UnixWorld Online: Technical Feature Article: No. 001

Riding the Distributed Management Trail

Years of Unix system administration have given our guest author a unique
perspective on problems with distributed tools

by Dinah McNutt

After working as a system administrator for nine years, I jumped at the
opportunity to become a consultant for a small company. I had been wrestling
with the problem of never being in the mainstream of my employer's business,
big oil. Your career is limited at an oil company if your expertise is not in
oil exploration or production, and now a company wanted me for my expertise and
to help them deploy a new technology.

At Tivoli Systems, I was project manager for a new release of the Tivoli
Management Environment and then spent the next year and a half helping Tivoli
customers deploy the system. During this experience, I learned what living with
your mistakes really means!

This article is not about Tivoli's product nor do the problems and solutions I
describe necessarily apply to the latest release of the Tivoli software. As an
advocate of tools that make system administrators more productive, my goal is
to share my experiences deploying a distributed systems management tool. I will
describe some of the problems we encountered, solutions to those problems, and
my personal opinions.

Hopefully, the ideas described here will help developers of such tools produce
better tools and let potential customers know what questions to ask when that
software salesperson comes to call.

Background

First, we need to define distributed systems management.
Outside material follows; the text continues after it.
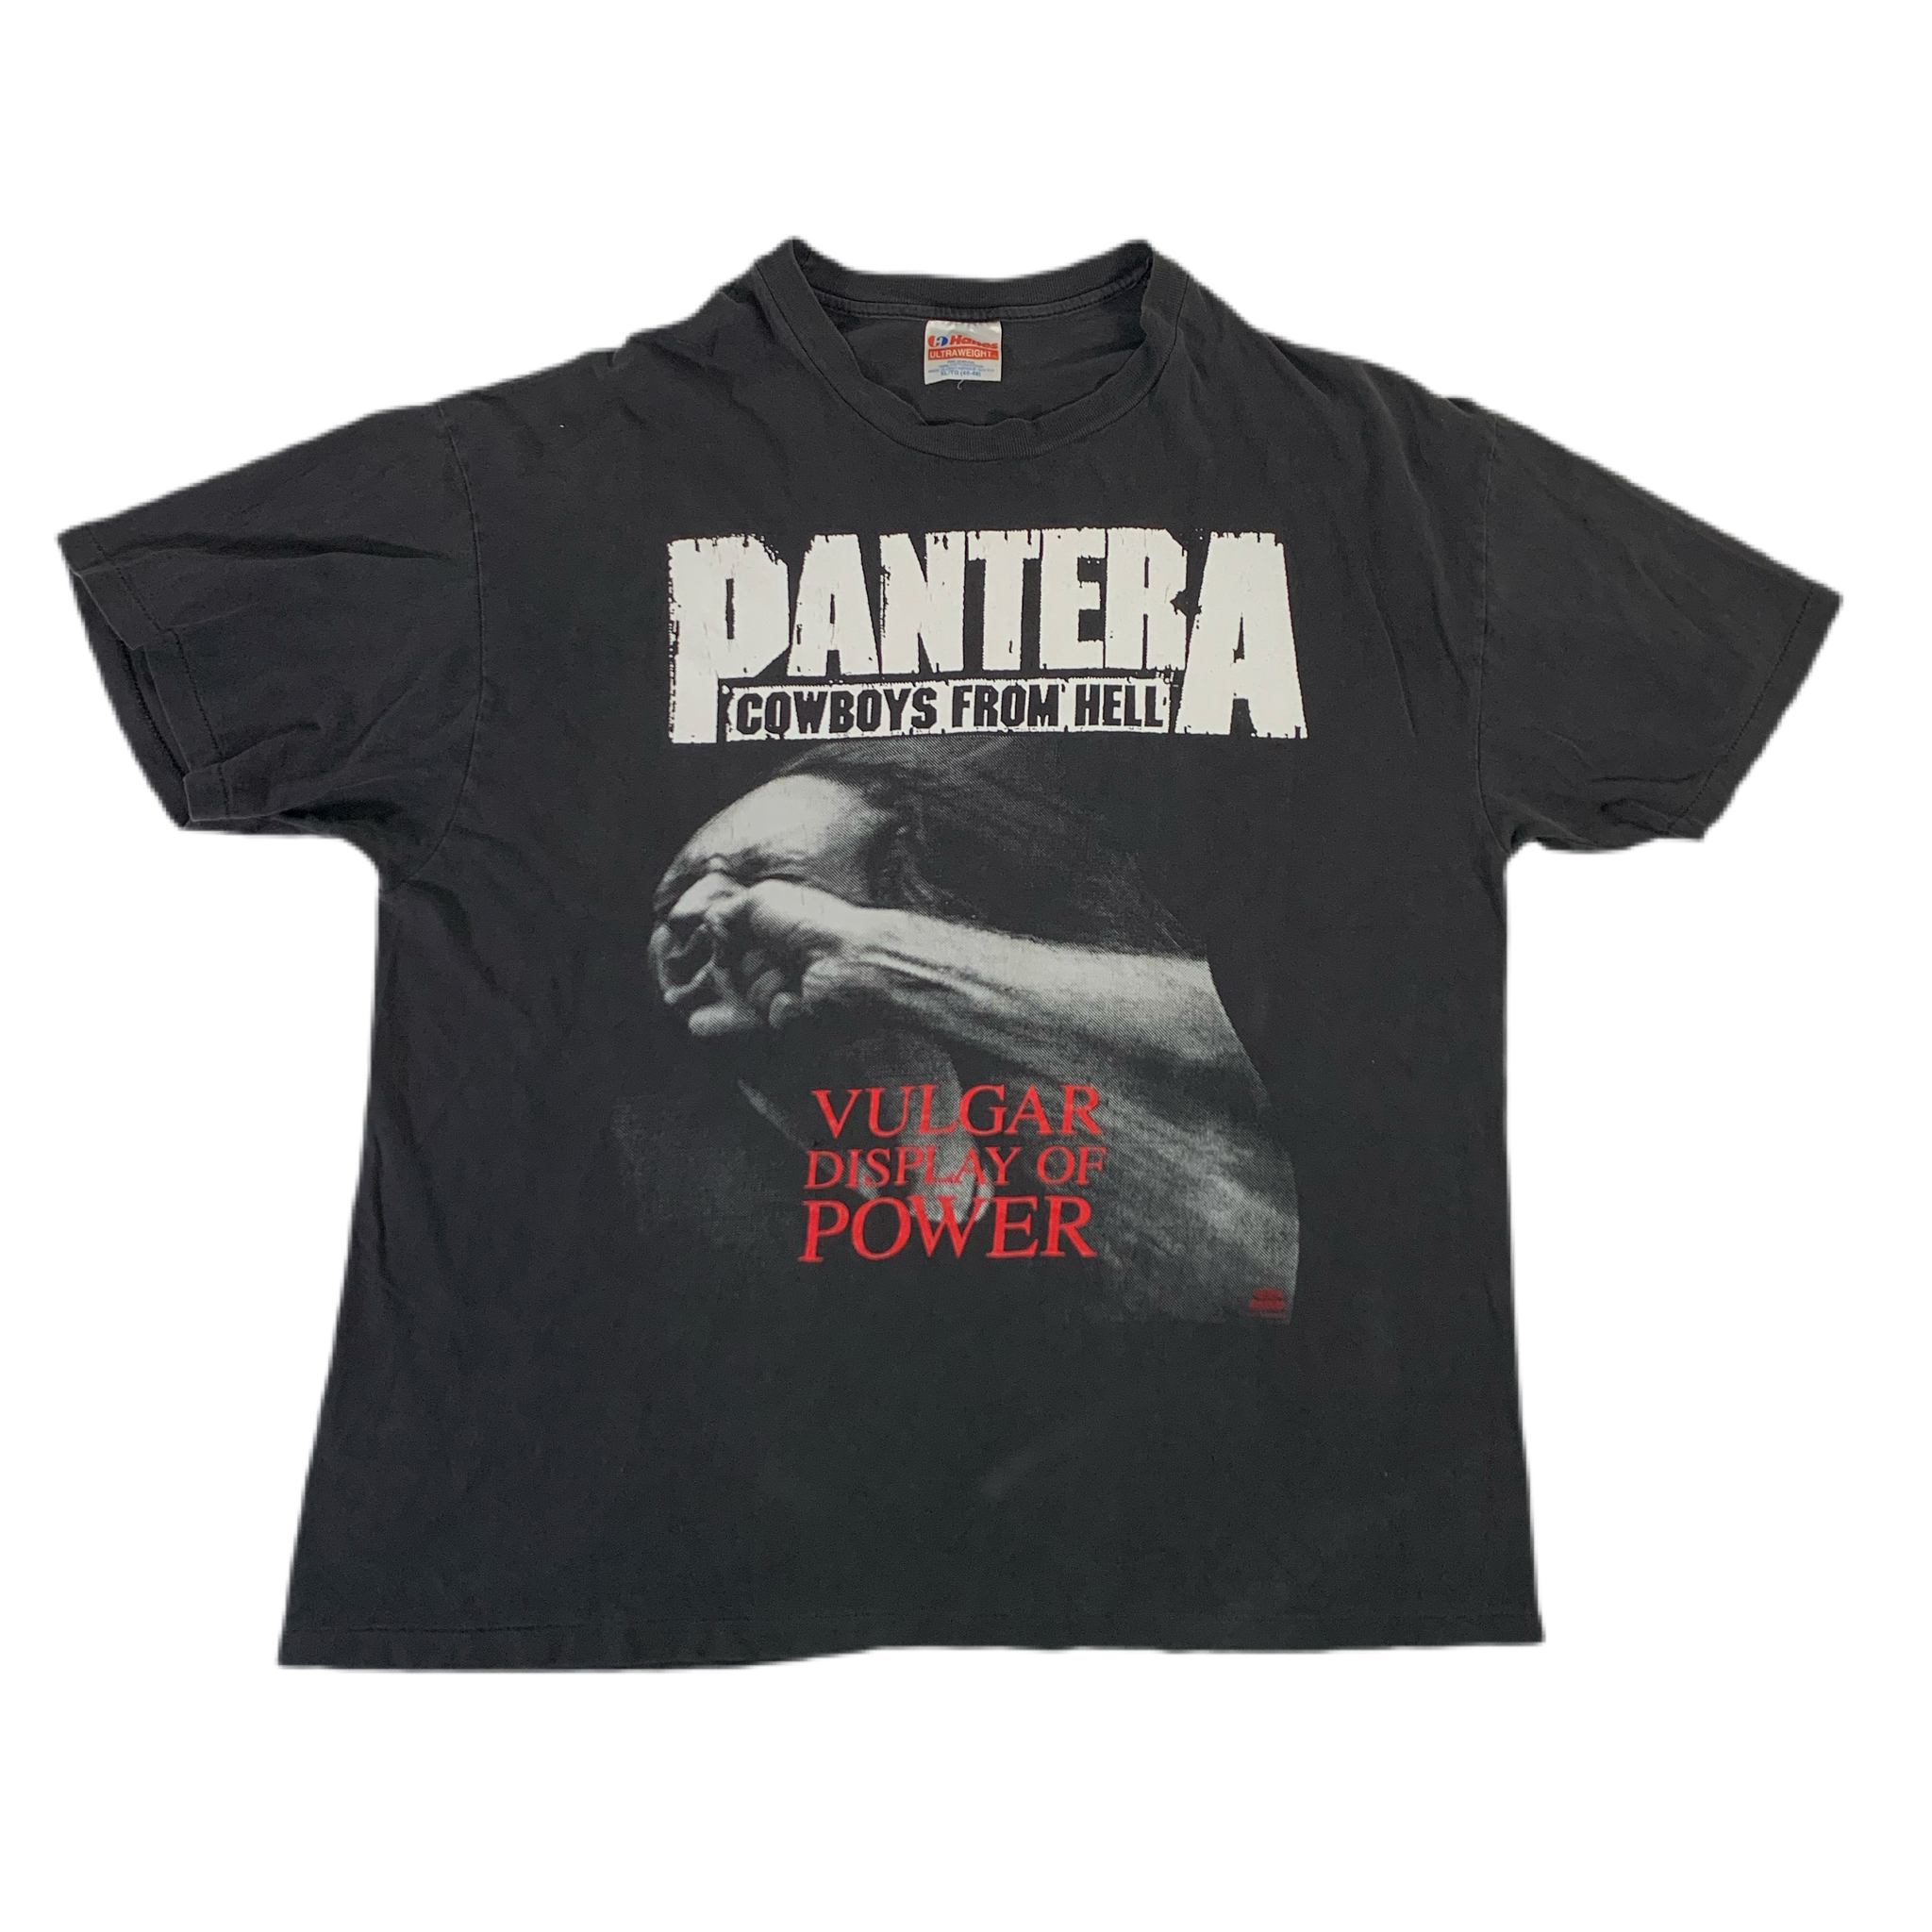 Stronger Than All Red Hoodie – Pantera Official Store

This ambiguous term is
applied to everything from rdist on to vendor software. For our purposes,
distributed systems management describes a collection of programs running on a
group of machines, as well as the files that these programs modify and the
database(s) associated with the programs.
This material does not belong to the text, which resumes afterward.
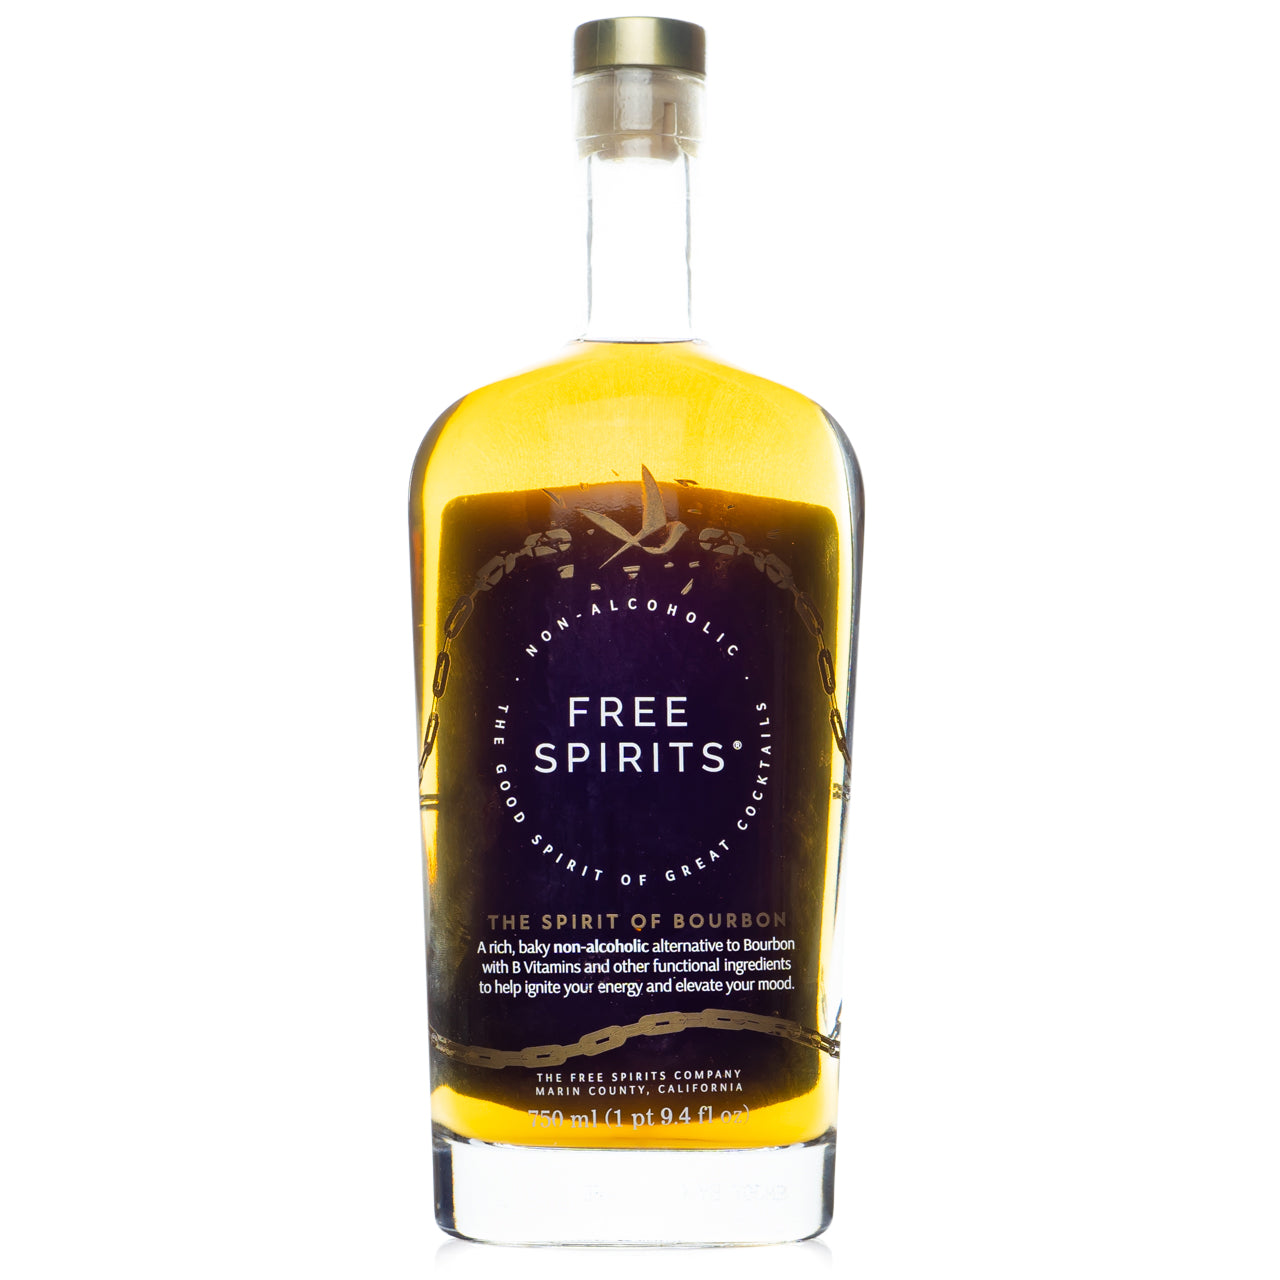 The Free Spirits Collection

Let's look at an example of how a distributed systems management tool might
evolve using rdist as an example because many people are familiar with it. This
program is used to distribute files from one system to another, but
traditionally involves only two machines at any one time. You can do parallel
distributions with some versions of rdist and you can use it to send files from
host A to host B to host C. However, when you examine the details of the
distribution, files are basically just being transferred from one host to
another.

Now imagine extending rdist so that the remote systems (hosts B or C) request
files from host A. You need an easy way to keep track of which files have been
updated, which are available from host A, and which need to be updated. In
addition, you can obtain the files from either host A or some other host D,
depending which host has the lowest system load.
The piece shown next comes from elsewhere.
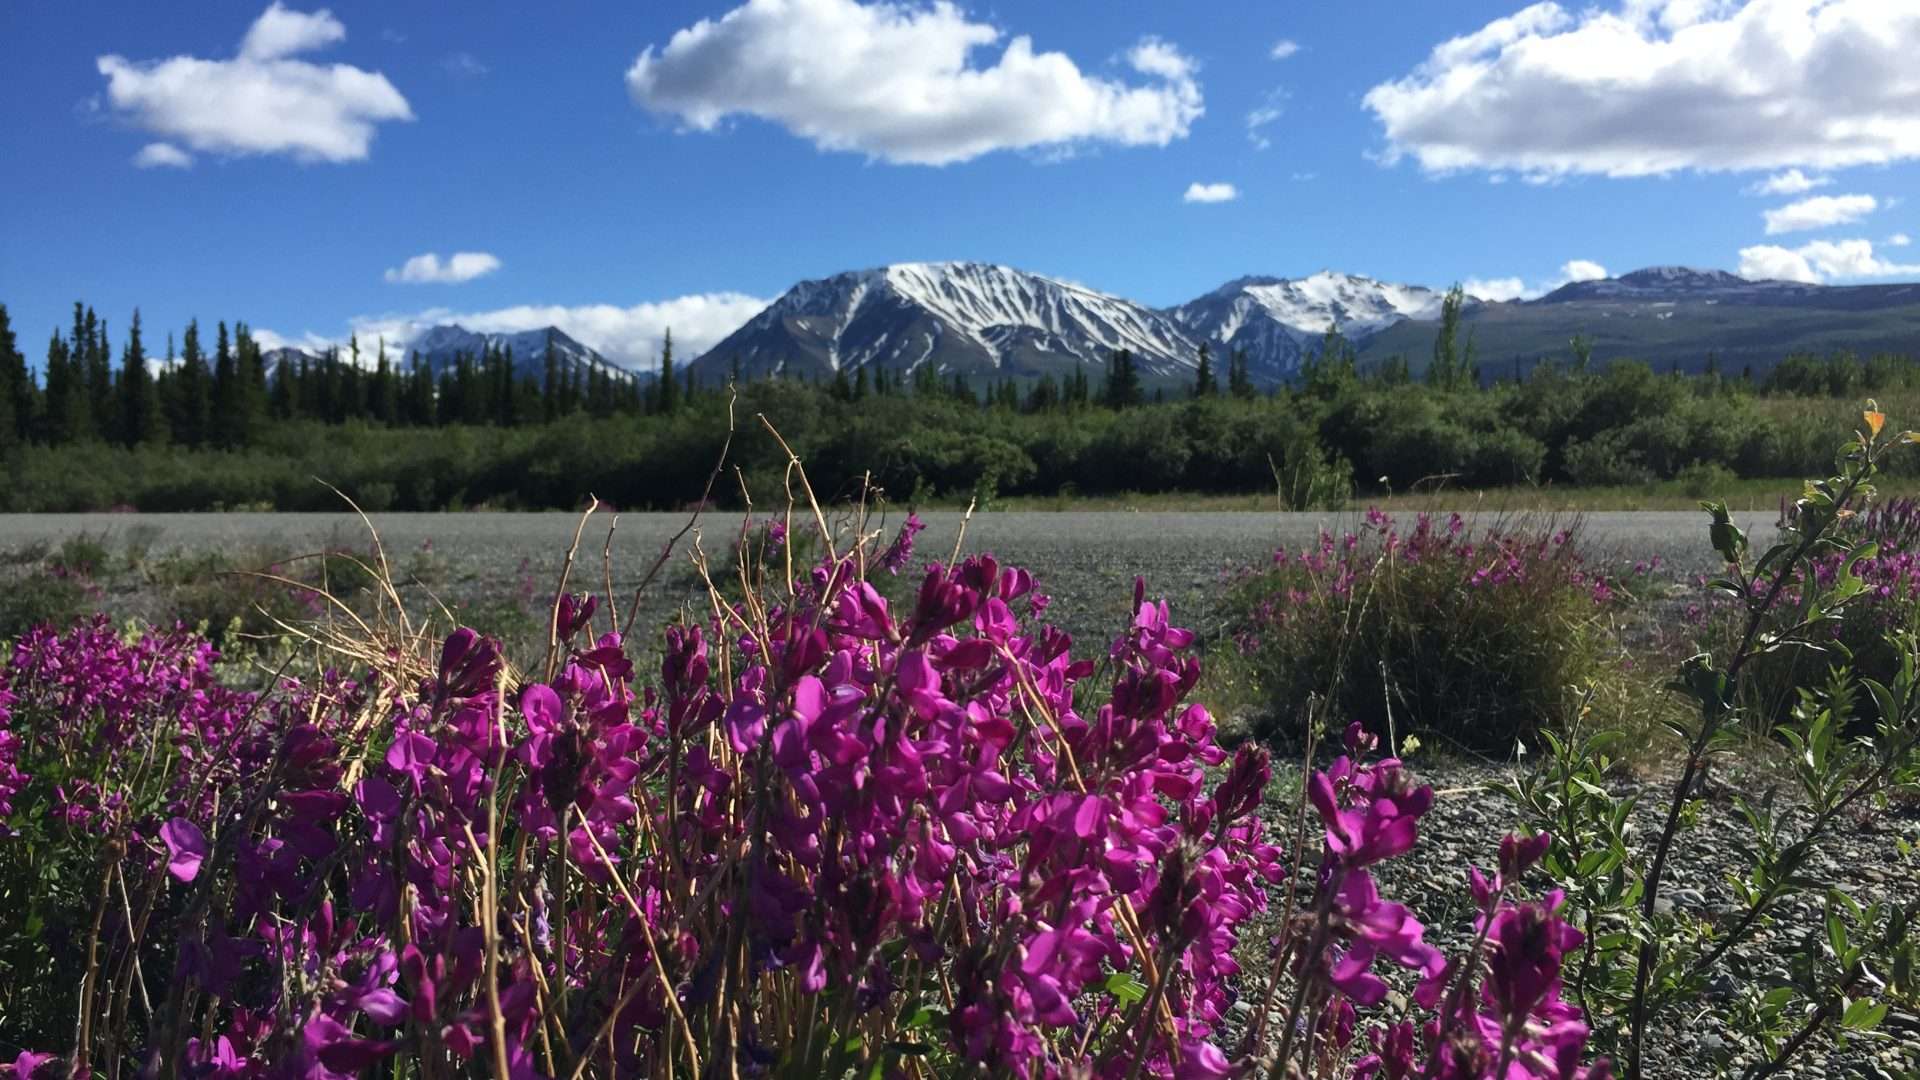 Kluane mountains and fireweed

I have taken a simple example of distributing files from one host to another
and made it more complex by adding state information and delegating the task
from the file server to the client system. Problem solving when a failure
occurs is now more complicated because you must determine from which host (A or
D) the file transfer was occurring. This scenario can be made more complicated
by several orders of magnitude by adding hundreds of clients, at which point
you will be able to appreciate the complexity of a truly distributed system
management application.

Functionality Issues

Do you want a Swiss Army knife or a screwdriver? The Unix approach to tools has
been one tool, one job. First, you need to identify the problem you are trying
to solve. If you want an integrated solution, then you probably want a Swiss
Army knife. If you just want to distribute files, then the screwdriver is
probably best.

An infinitely flexible piece of software can be too complicated to use. Emacs
is a very flexible text editor, but there is definitely a learning curve that
must be overcome before you can take advantage of some of its features.
Alternatively, a point-and-click style editor may be easy to use, but you may
not be able to read USENET news or browse the World Wide Web from within it
like you can with Emacs.

My experience has been that not all sites perform system administration tasks
the same way. For instance, one site may locate home directories in
/home/username, while another site may use /home/hostname/username. These
differences may be historical (for instance, it's the way the system
administrator who installed the system set it up) or for valid business
reasons.

If a vendor makes assumptions about how a particular task is performed, then
customers may have to adapt to the vendor's philosophies or find another tool.
An alternative is to have a tool that is customizable so it can by adapted to
your environment. However, this means you have to learn how to customize the
software before you can use it. It can be frustrating to buy software and have
it sit on the shelf because you don't have time to configure it properly.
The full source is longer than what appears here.